The Howard County Children's Center received a $600,000 grant from the Roy M. Speer Foundation Friday afternoon. At the presentation were board members Ken Young and Lisa Chandler, Director Tim Freel, board member Donny Woods, Assistant Director Rose Ray and board member Jimmy Dale.
The Howard County Children’s Center received a $600,000 grant from the Roy M. Speer Foundation Friday afternoon. At the presentation were board members Ken Young and Lisa Chandler, Director Tim Freel, board member Donny Woods, Assistant Director Rose Ray and board member Jimmy Dale.

In accepting the donation, Freel said the center’s board, administration, staff and clients “are very humbled by this gift. This is the biggest donation the center has ever received. It comes at a time when we can certainly use it to further our services to children.”

The current pre-school facility was built in 1972-73, Freel said. “It’s time to have a new pre-school. We can move forward with a brand new therapy center for our kids and a brand new pre-school. God has put this thing together. All the pieces are there. Christi and Richard, we are very humbled by this gift. We will spend it in a very frugal way.”

Richard Baker, executive director of the Speer Foundation, attended the presentation. “I knew Roy for 36 years. We had many wonderful times together going back to the pre-HSN days. He was very sensitive toward children. He would be very pleased with what you plan to build.”

Christi Speer said the process began “four or five years ago, and the day has finally come. Dad will pinch every penny out it. We wanted to be part of this.”

Freel said it is “good to have a daughter ready to meet a need in our hometown. A lot of kids need this.”
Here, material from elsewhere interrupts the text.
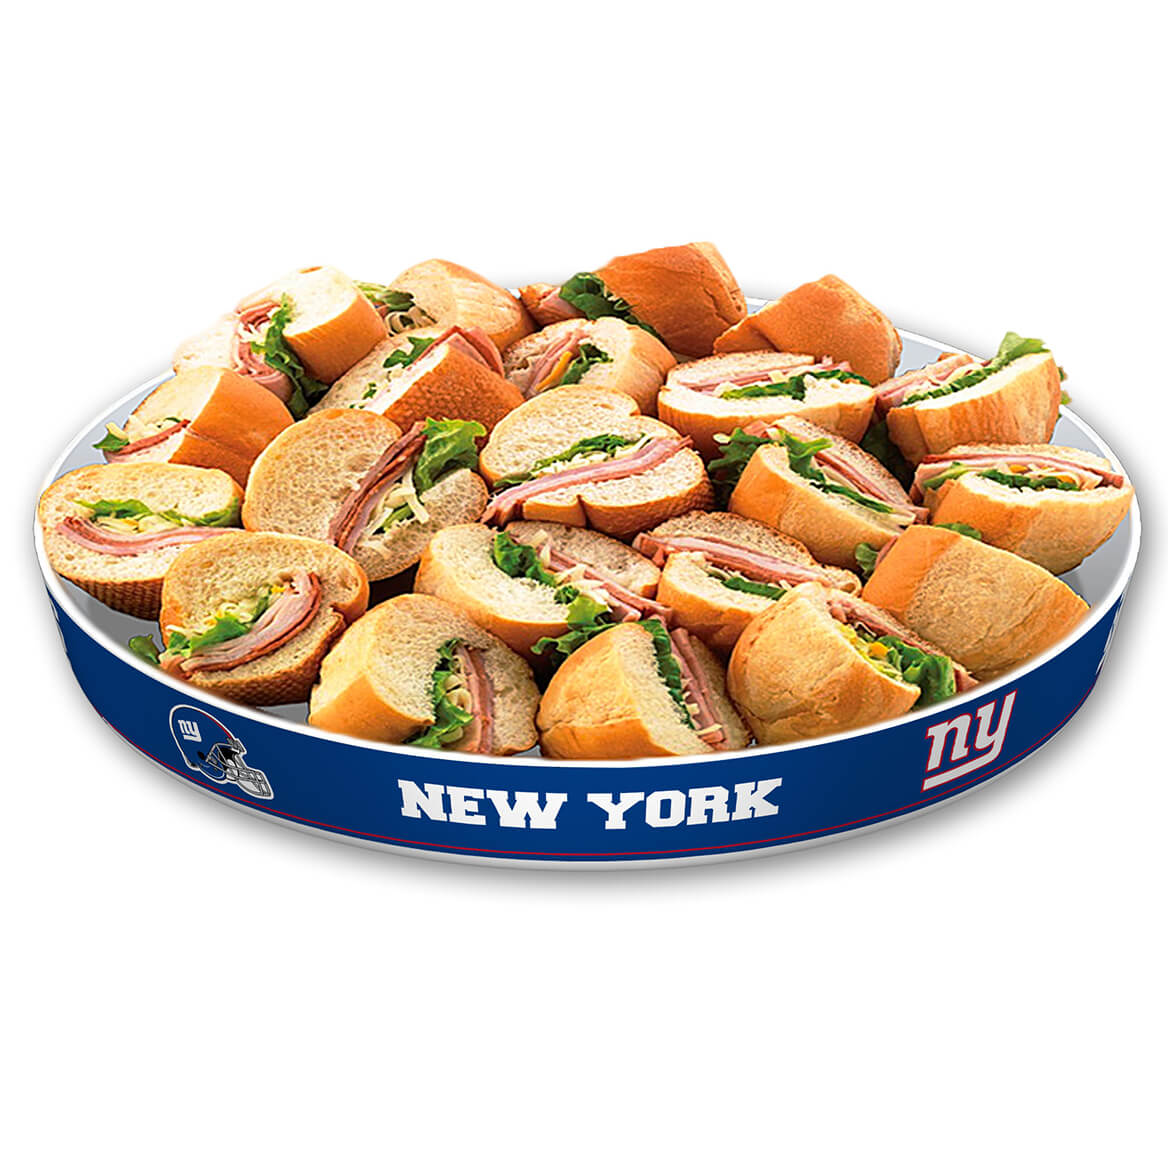 NFL Party Platter-363805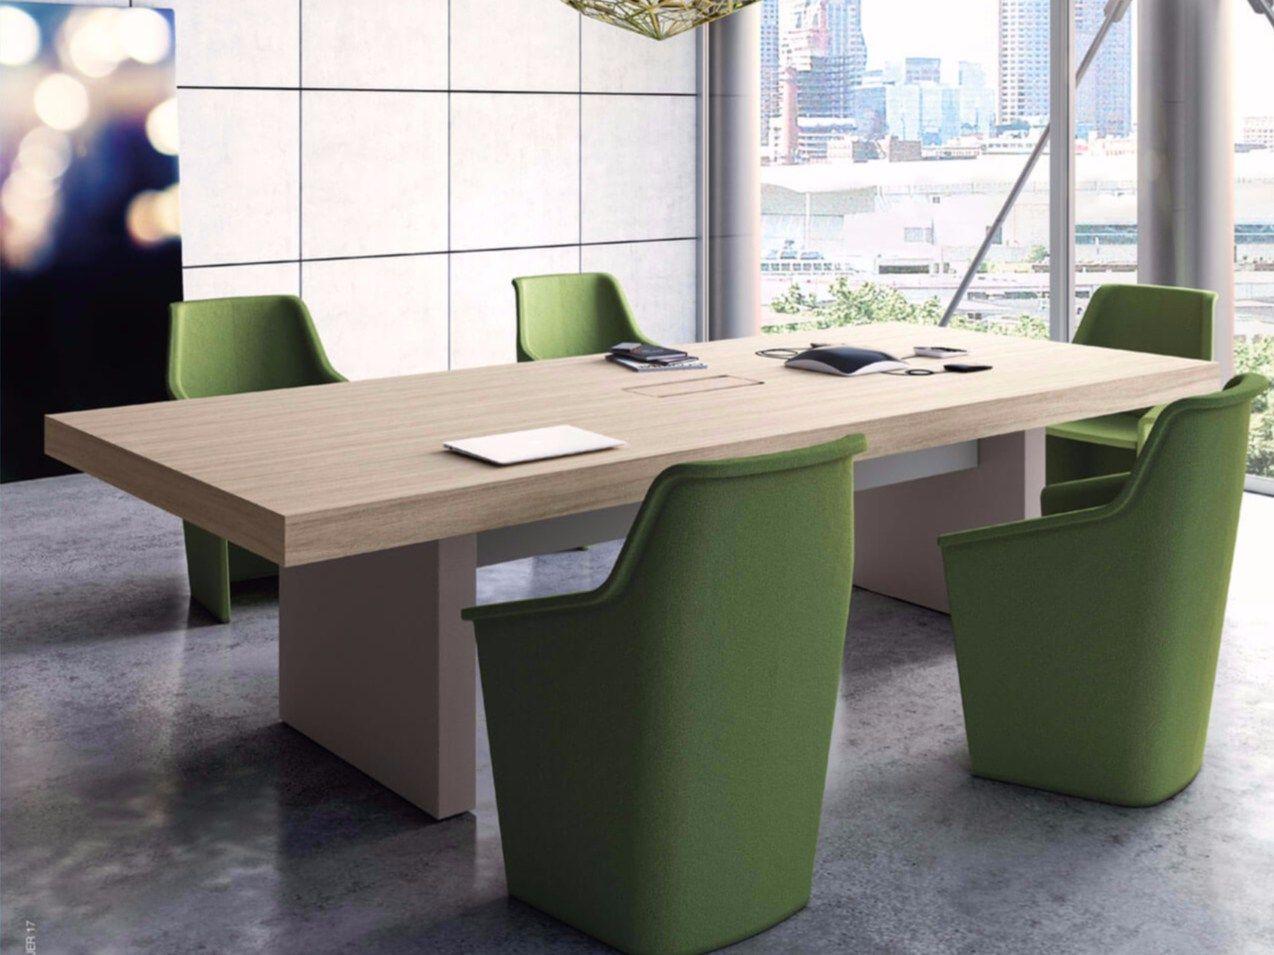 Las Mobili Per Ufficio. Awesome Arredo Reception E Accoglienza Las ...

The new facility will include pre-school space, new physical therapy equipment and a safe room. “We think it’s very important to build the safe room,” Freel said.

Freel said the project will have bids by September and will take about eight months to construct. “A year from now, we’ll be looking at a brand new facility.”

In addition to being the largest gift ever for HCCC, the donation is thought to be the largest for a single project in the history of Nashville.